I just verified it on mine. The blue LED lit up after I clicked on "Live-TV" on DRA. I was able to change to an OTA cannel and watch it on my computer. Of course there are more direct ways of doing that, and without a Sling adapter. An OTA tuner for your computer can be purchased for less than $99, but some cost more.


----------



## cabman

My Sling adapter has never worked. It always says it is "booting." Will it ever finish booting or is something wrong?


----------



## srrobinson2

I have a 722 receiver with sling adapter connected directly to fiber connection (no modem/router). It leases public IP address and works with DishOnline via PC, but it will not work with iPhone app (Verizon iPhone 4). 

I called tech support.. No joy there. They are stumped. Thoughts?

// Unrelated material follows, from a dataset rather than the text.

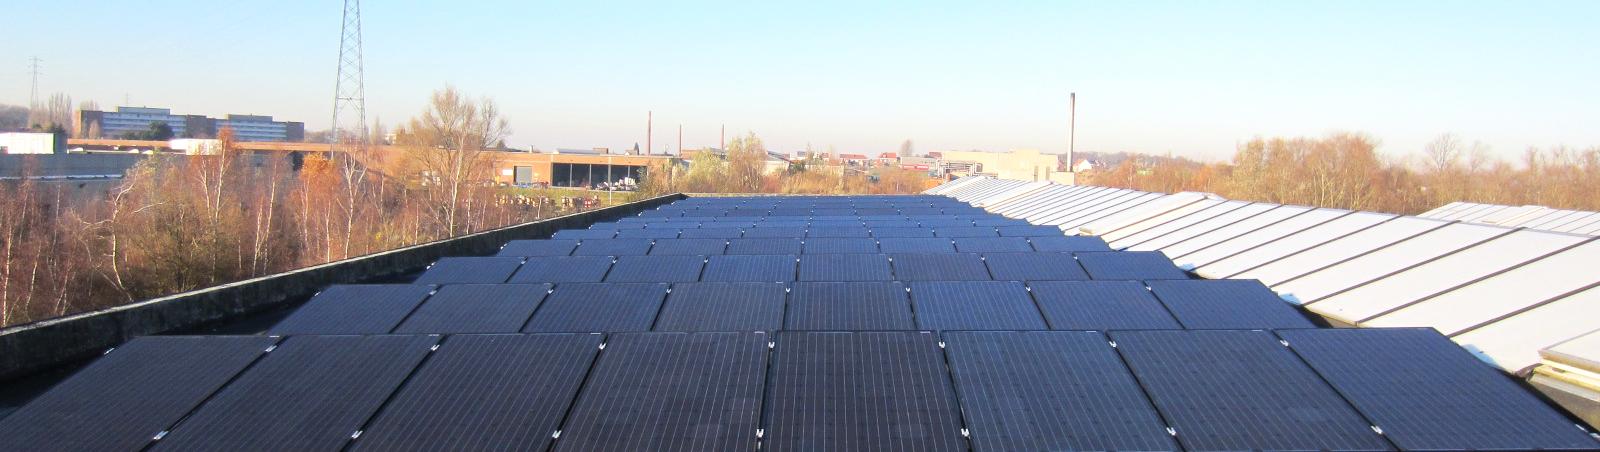 Almeco solar pannels

Btw, tried using an ipod touch with same negative result.


----------



## tcatdbs

I ordered my Adapter 3 days ago and got it today. Went online and was able to watch in highest quality (have fast TWC connection, 25/1 Mbps), looked flawless. I then installed the Dish Remote app on my Optimus-V with home WiFi, and connected and looked great on Standard quality ("great" being relative.... 3" screen compared to 22" PC screen, compared to 50" plasma). Will test 3G connection tomorrow, don't expect much there. This looks much better than Neflix on my phone, about the same on a PC, although is much slower to start up than Netflix.

Went online and the rebate request button had been added, clicked 2 buttons and got "Your reward has successfully been redeemed..." I'm one happy camper! 

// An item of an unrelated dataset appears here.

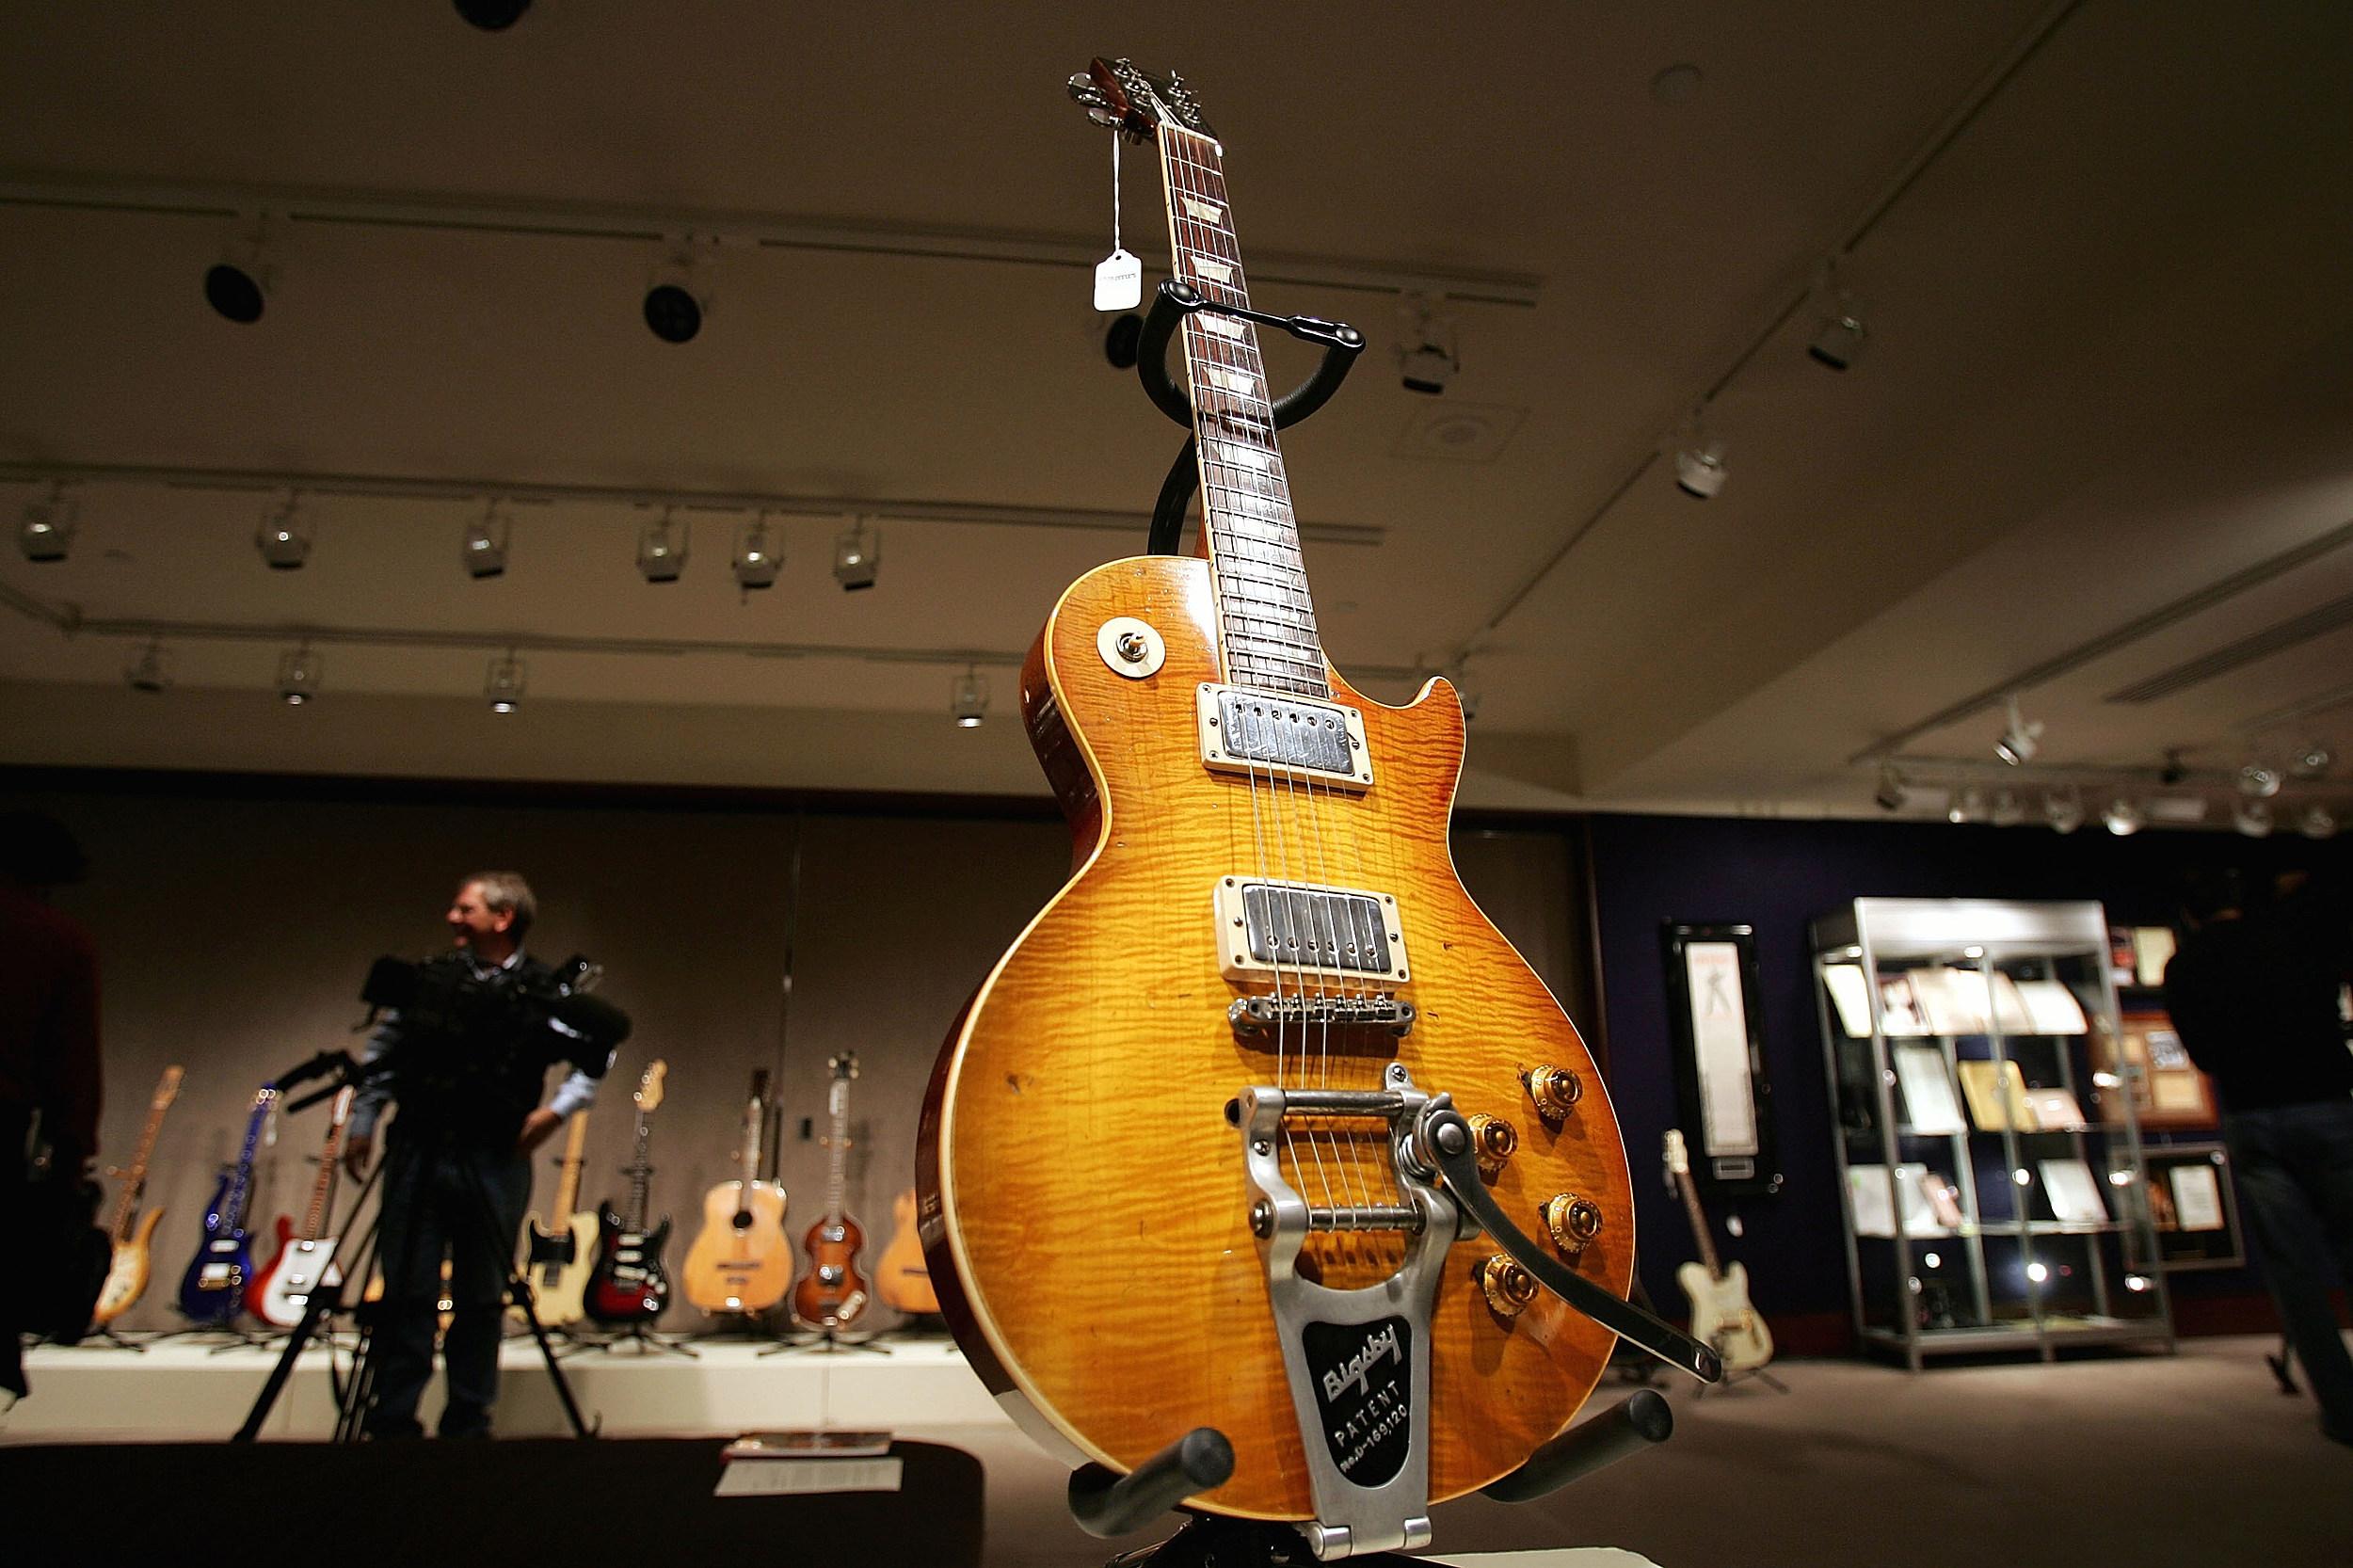 Christies Auctions Off Rock N Roll Memorabilia

edit: Doesn't work so well on 3G. I currently have .75/.5 Mbps and I can access shows, but it doesn't stream well (at all).


----------



## apinkel

srrobinson2 said:


> I have a 722 receiver with sling adapter connected directly to fiber connection (no modem/router). It leases public IP address and works with DishOnline via PC, but it will not work with iPhone app (Verizon iPhone 4).
> 
> I called tech support.. No joy there. They are stumped. Thoughts?
> 
> Btw, tried using an ipod touch with same negative result.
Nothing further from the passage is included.